• [Directions for this task]:
A verbatim transcription of the listing below is required, without its pictures.

• [The data]:
=== Section Start ===

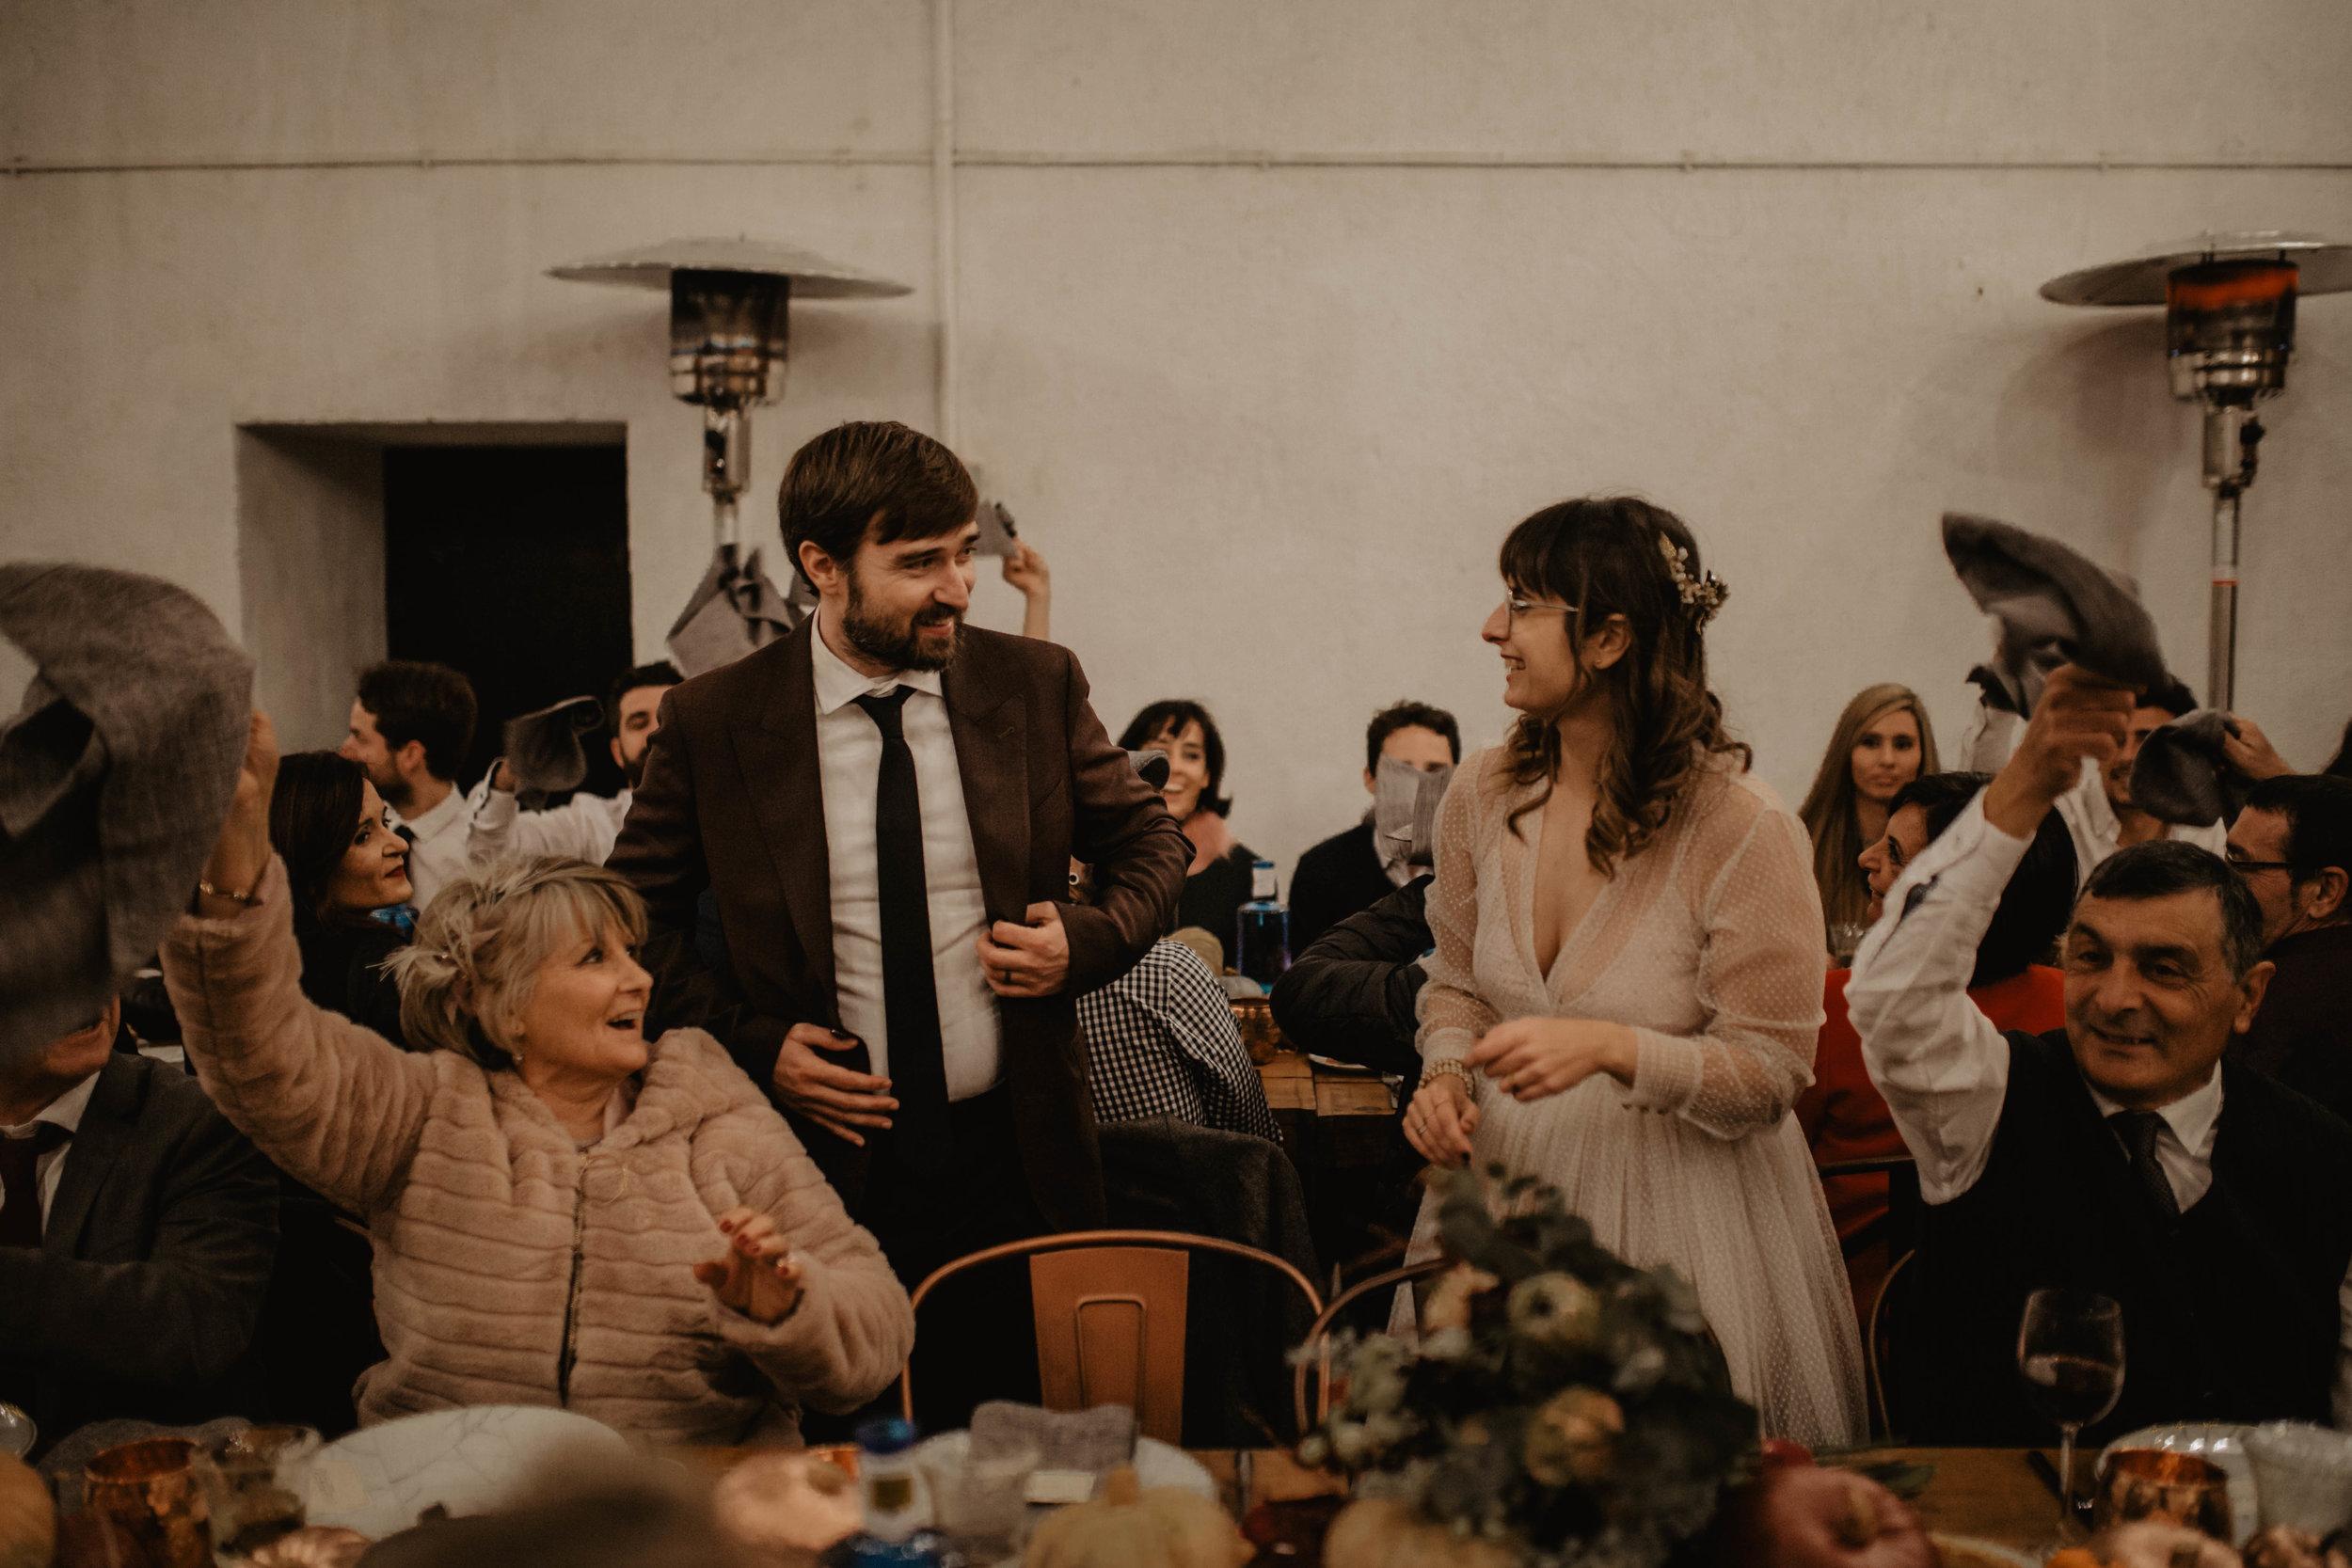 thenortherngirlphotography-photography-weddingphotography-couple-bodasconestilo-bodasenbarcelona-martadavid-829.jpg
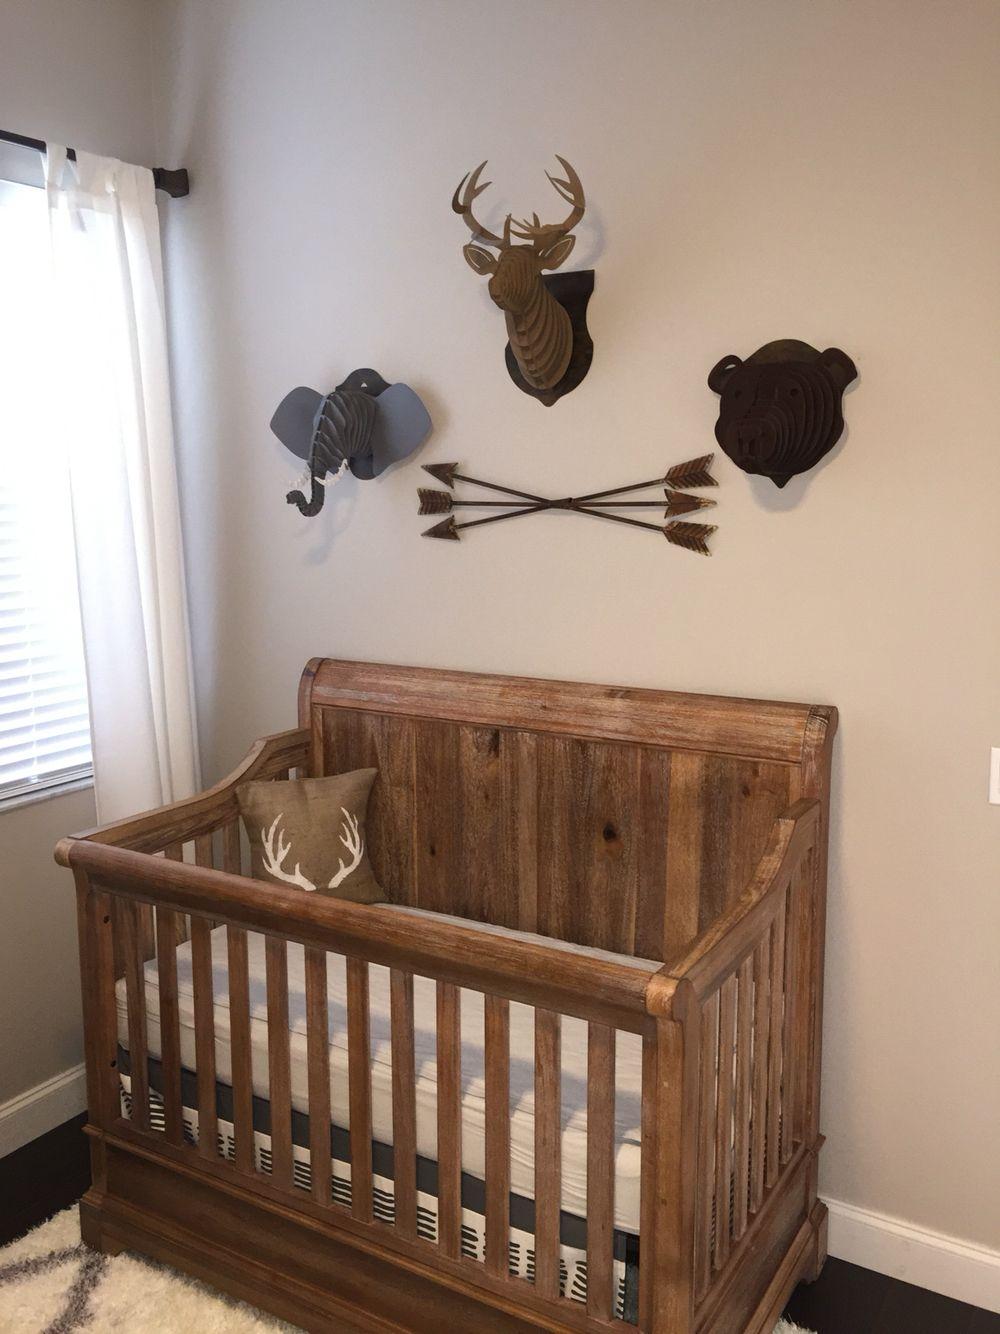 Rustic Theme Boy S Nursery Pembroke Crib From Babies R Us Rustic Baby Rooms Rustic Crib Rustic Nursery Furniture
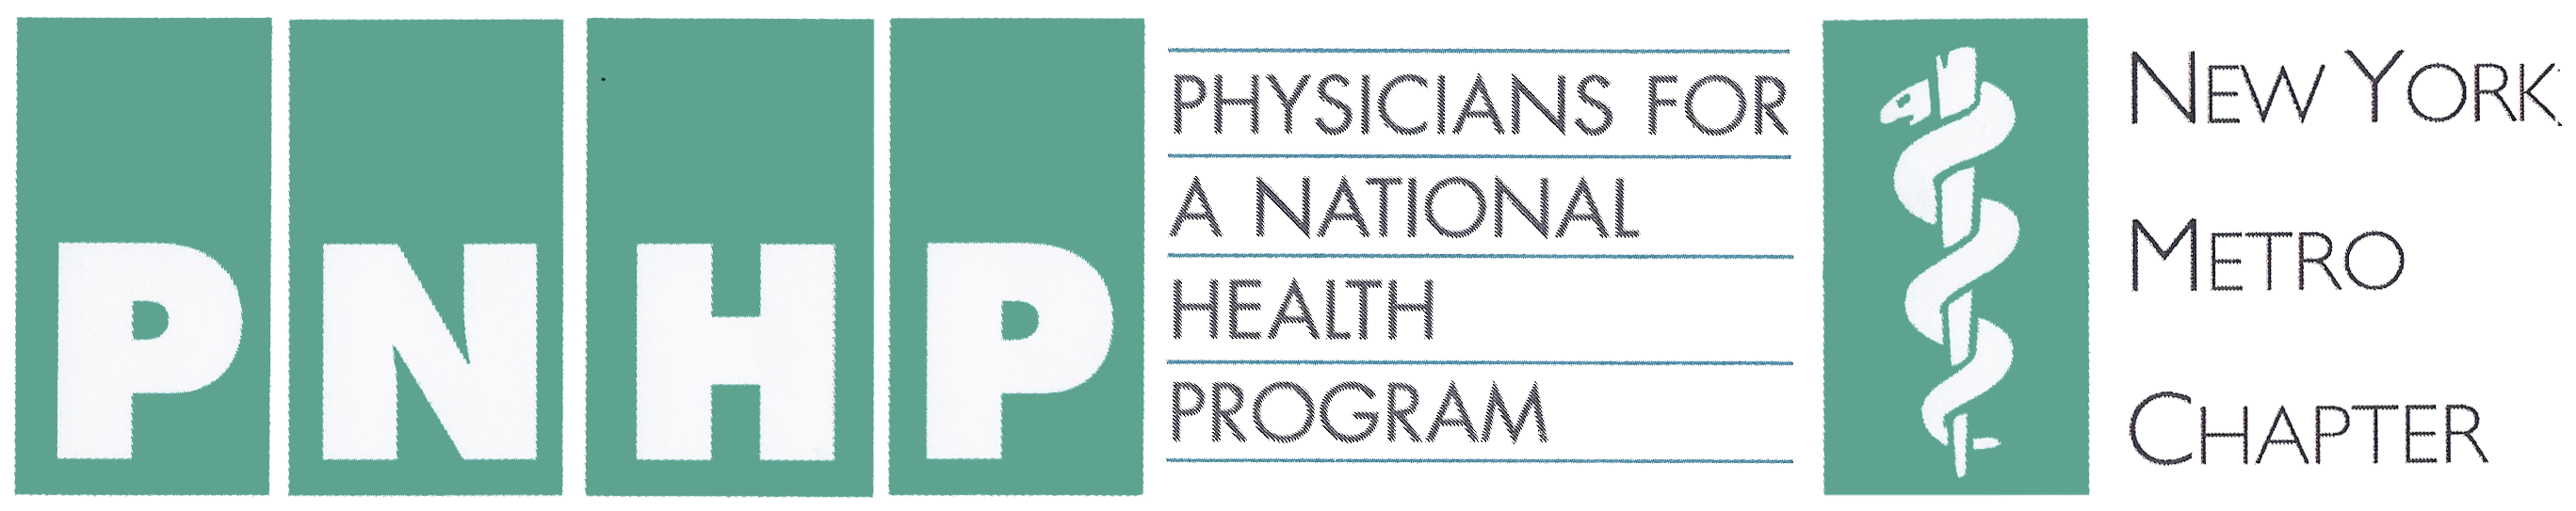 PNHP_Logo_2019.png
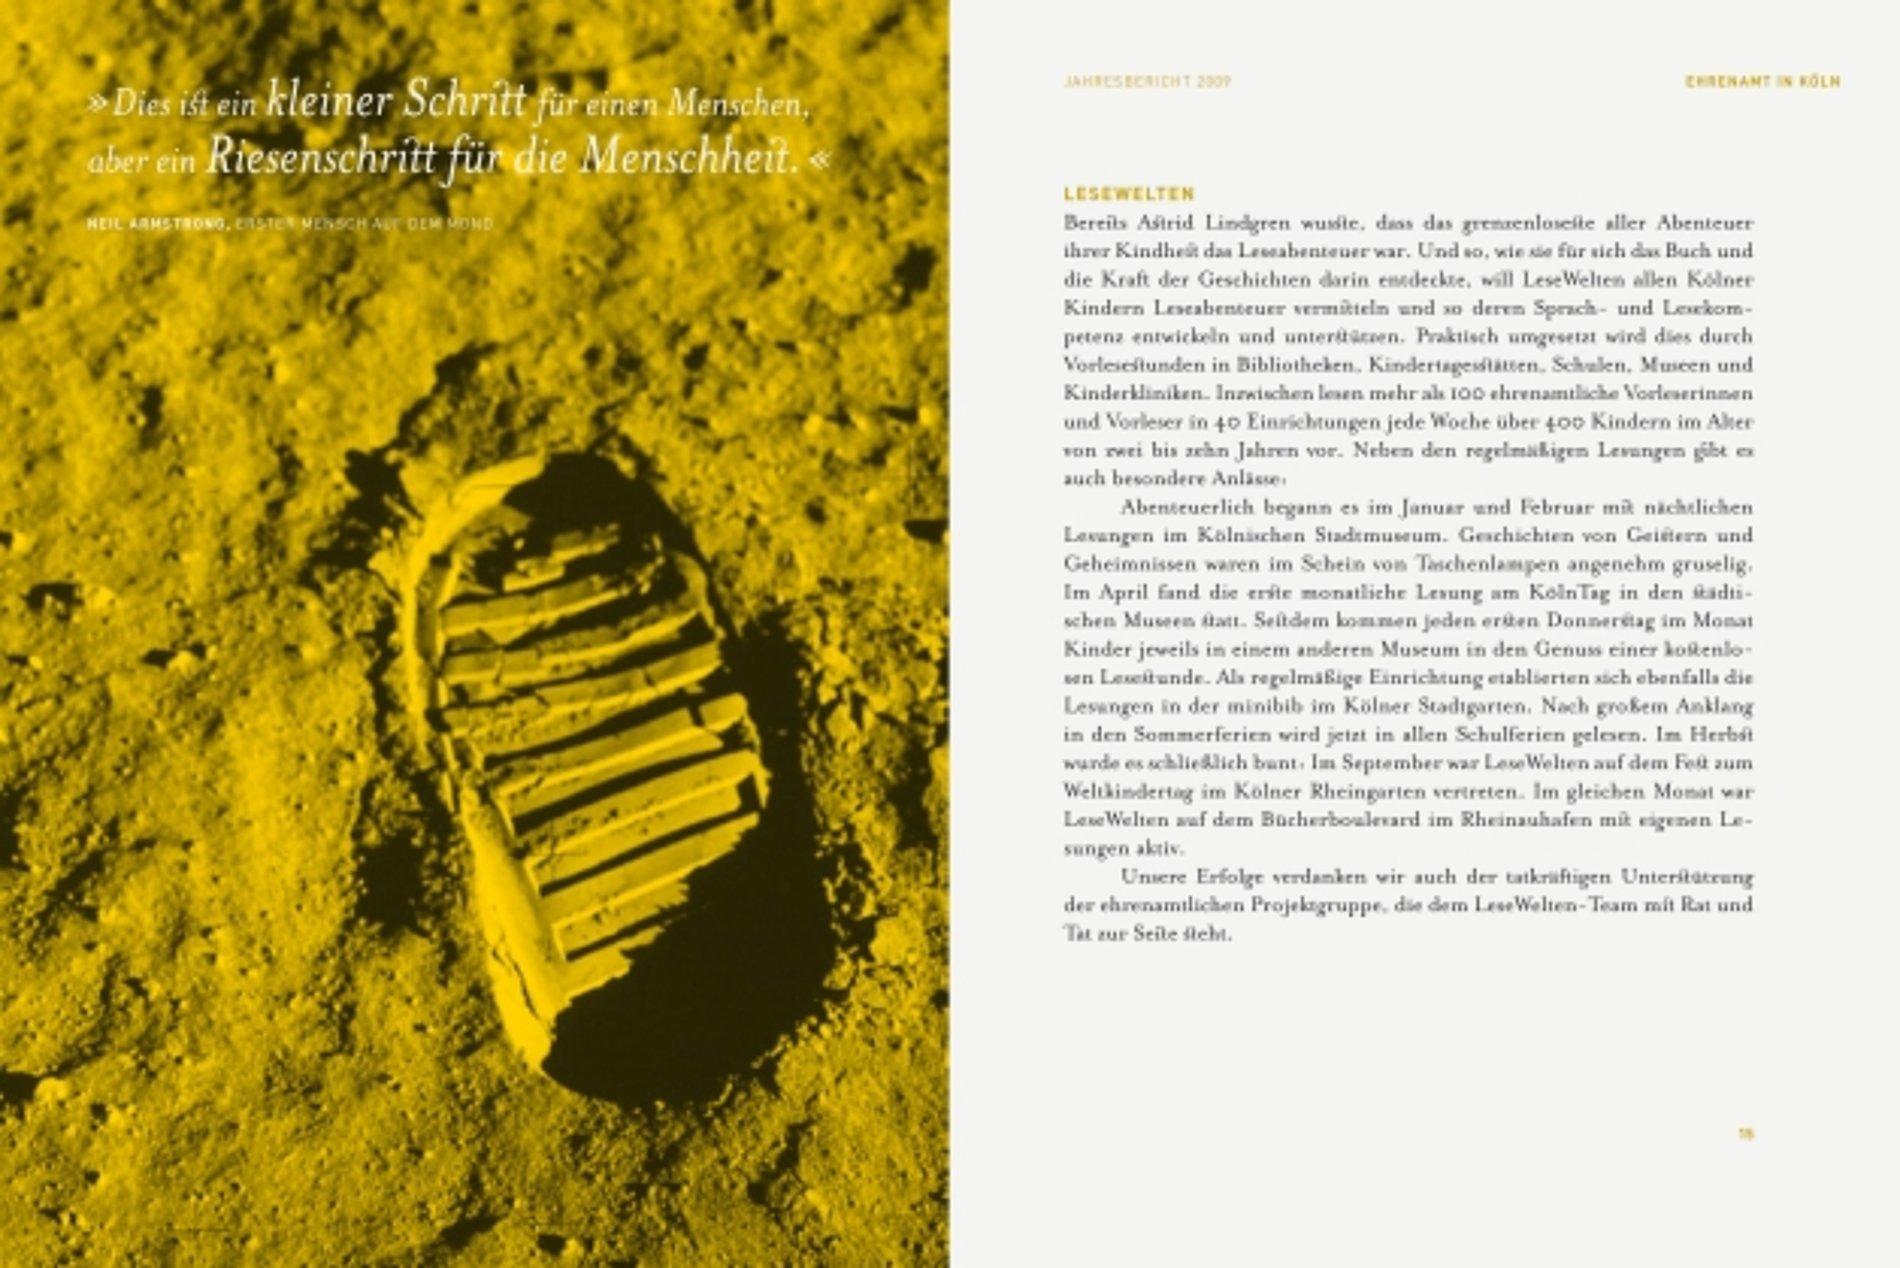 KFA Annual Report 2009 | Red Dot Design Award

=== Section End ===

• [Task answer]:
 thenortherngirlphotography-photography-weddingphotography-couple-bodasconestilo-bodasenbarcelona-martadavid-829.jpg
 Rustic Theme Boy S Nursery Pembroke Crib From Babies R Us Rustic Baby Rooms Rustic Crib Rustic Nursery Furniture
 PNHP_Logo_2019.png
 KFA Annual Report 2009 | Red Dot Design Award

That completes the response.